People have different attitudes to leaving home.  Some can't wait to move out, others are so full of their own plans that they leave without a thought, and others again move back and forth so often that they experience little or no separation.  Your situation is comfortably closer to the third of these.  
‘Home’ is one of the most beautiful words in the English language.  We would never want to deconstruct it or lessen its emotional meaning in any way.  Many years ago, when a British politician referred to homes as ‘accommodation units’, Winston Churchill parodied, “Accommodation Unit sweet Accommodation Unit.”  There’s no warmth in an accommodation unit even if the heating is on full.    Something dies in us when affairs of the heart (what else are homes?) are described in cold bureaucratic language.
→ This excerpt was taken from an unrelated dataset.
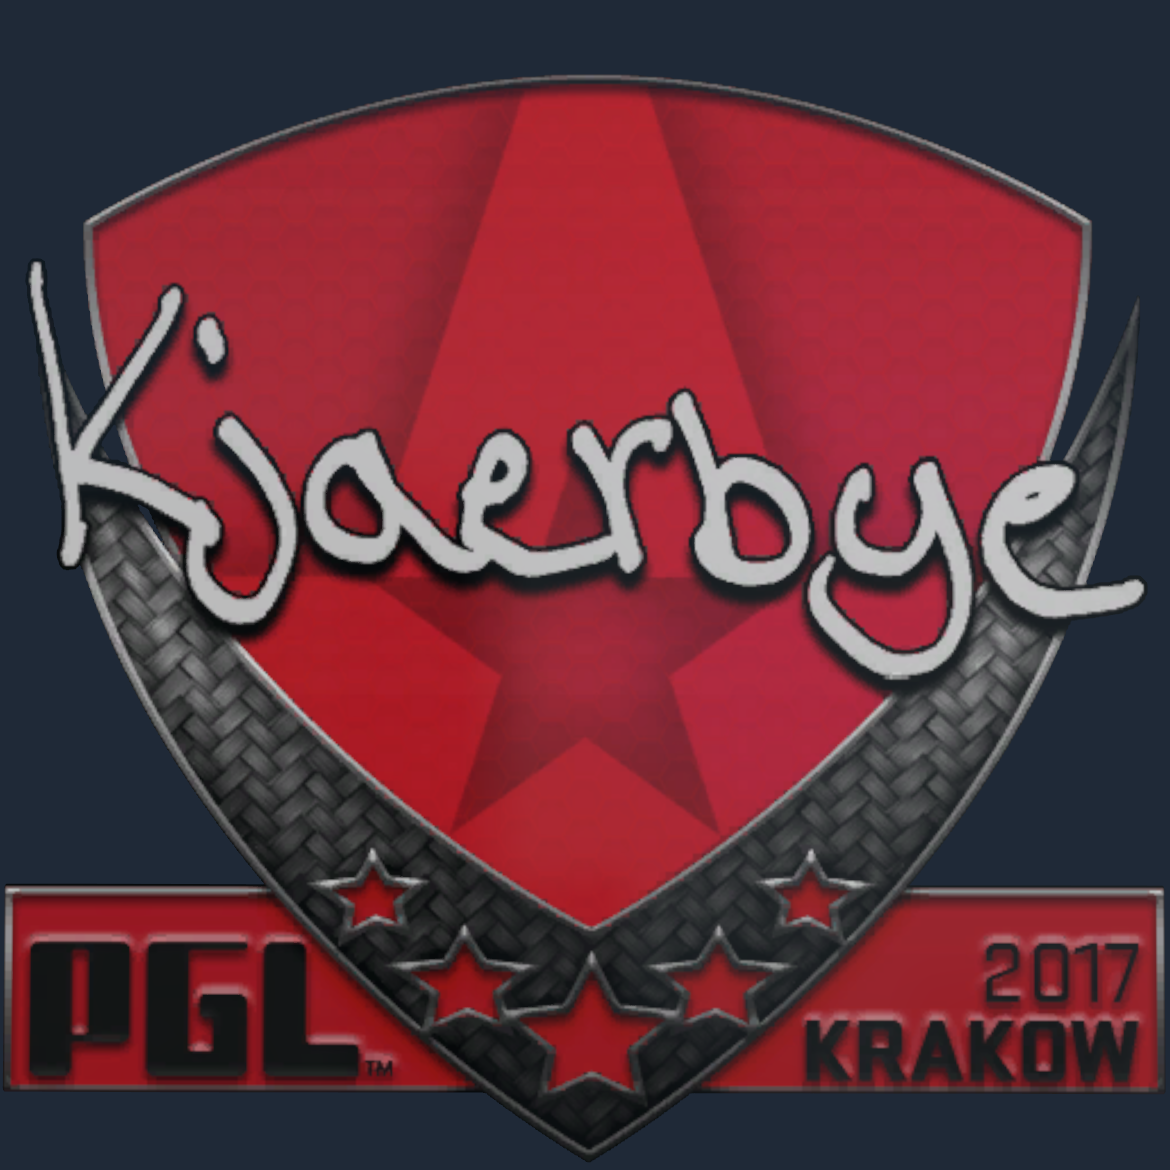 Sticker | Kjaerbye | Krakow 2017 Screenshot

As a dictionary had it: ‘Home: see housing’.  We call someone who owns a house a ‘home-owner’.  Strictly we should just call them ‘house-owners’, because a house is something you can own, but a home is not.  If a man can be called a ‘home-owner’ just because he signed a legal document, why shouldn’t he be called a ‘wife-owner’ if he is legally married?  You are blessed that home is something more to you than a house; it is able to tug at your heartstrings.  It promises that you will be more capable, not less, of making home elsewhere.  

I found myself staying with that verse in John’s gospel, “Make your home in me, as I make mine in you” (15:4).  Many people today practise some form of meditation, and many of those use a mantra.  It struck me that the word ‘home’ would be a wonderful mantra.  Look up some of the questions and answers on meditation on this website if you need a bit of background, and then sit quietly and breathe the word ‘home’ over and over.  Because the word is so full of feeling for you, it will have a powerful centring effect.  It will have the warmth of Galway in it for you, but don’t identify it with Galway – that would be to trap it in the past.  In meditation, people are always stressing the importance of “here and now”.  Well, here and now, when you flesh them out, mean exactly home. 

If you learn in this way to be at home, then you will be at home no matter where you are.  And you don’t even need to be a house-owner! 

God bless, Deirdre.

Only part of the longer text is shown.